Secondly, in relation to the specialist support services that we know many children who are adopted need, how is the regional agency adoption approach having a positive effect, where we are already starting to see it happen?

Andy Elvin: We are currently working with the north London adoption consortium and the east London adoption consortium—south London is a regular choice—on introducing something called VIPP-SD, a post-adoption therapeutic intervention that comes from the University of Leiden in Holland. It is used with all adopters in Holland. It is evidence based and tested at country level. We are introducing it with six authorities in London and with one just outside London. We found co-operation patchy, I would say.

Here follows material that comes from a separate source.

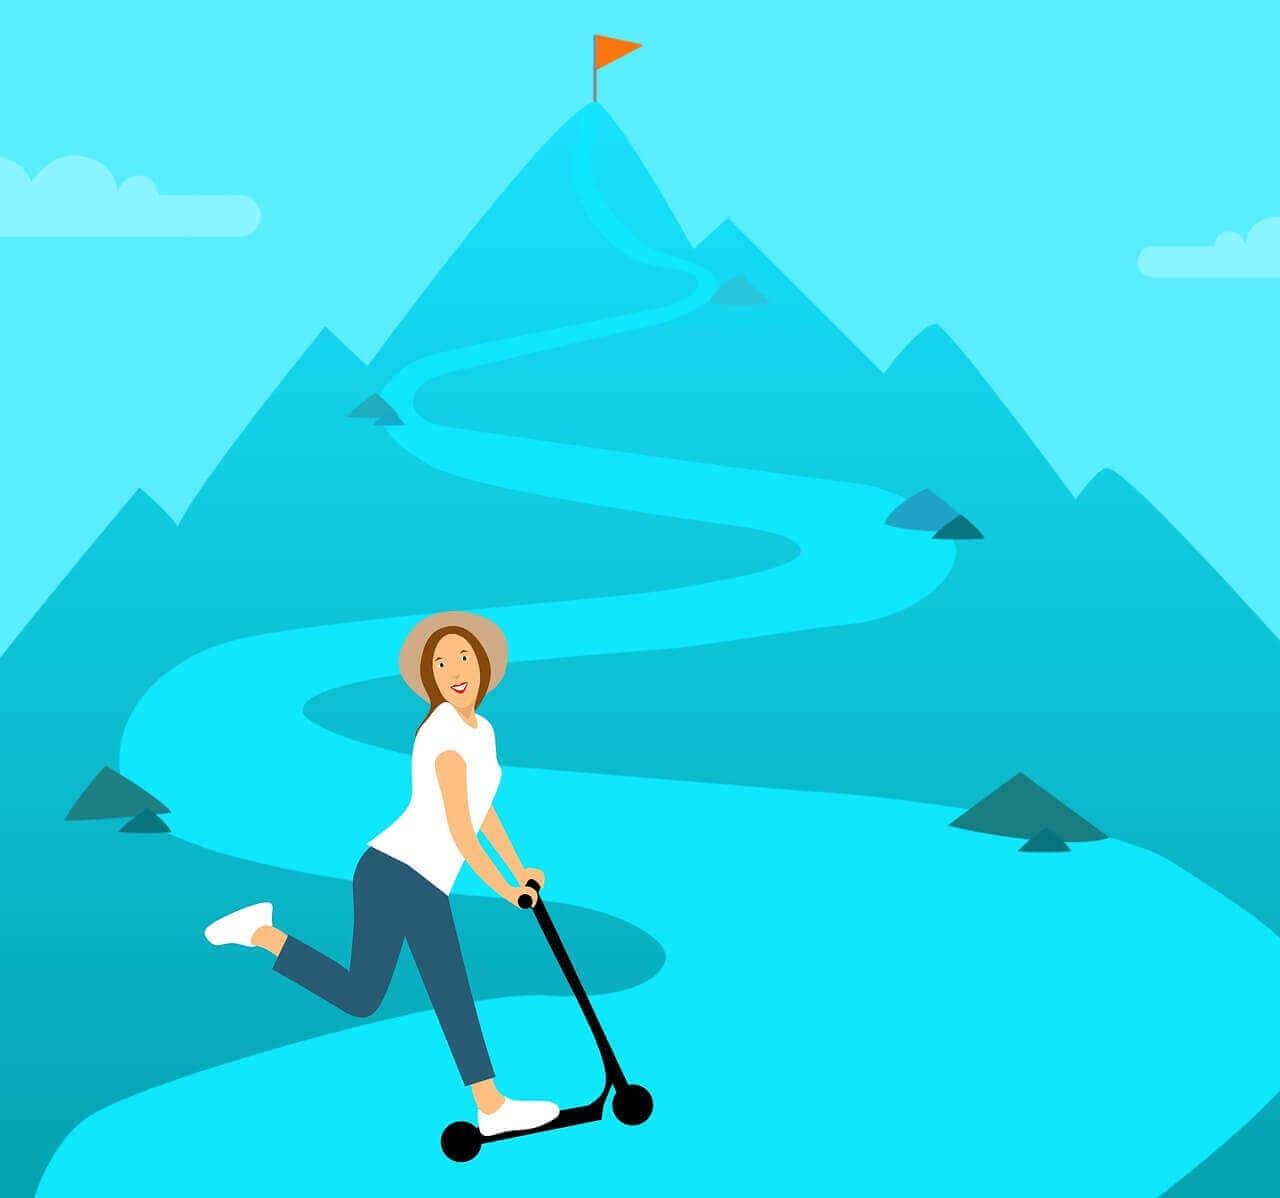 Best razor scooters uphill struggle cartoon

We have got six authorities across two consortia; other authorities in the consortia have not signed up to it. That was disappointing, given that the DFE for the CVAA are essentially paying for all this. It is a free and evidence-based service. It is interesting how decisions are made in local authorities, but those that have engaged have engaged magnificently and really well, and got involved very much in the spirit of the intervention. It is going very successfully so far. Local authorities can work together; I do have examples of the contrary, but that is the same in all areas. I do not think children’s services are peculiar in local authorities not working particularly well together.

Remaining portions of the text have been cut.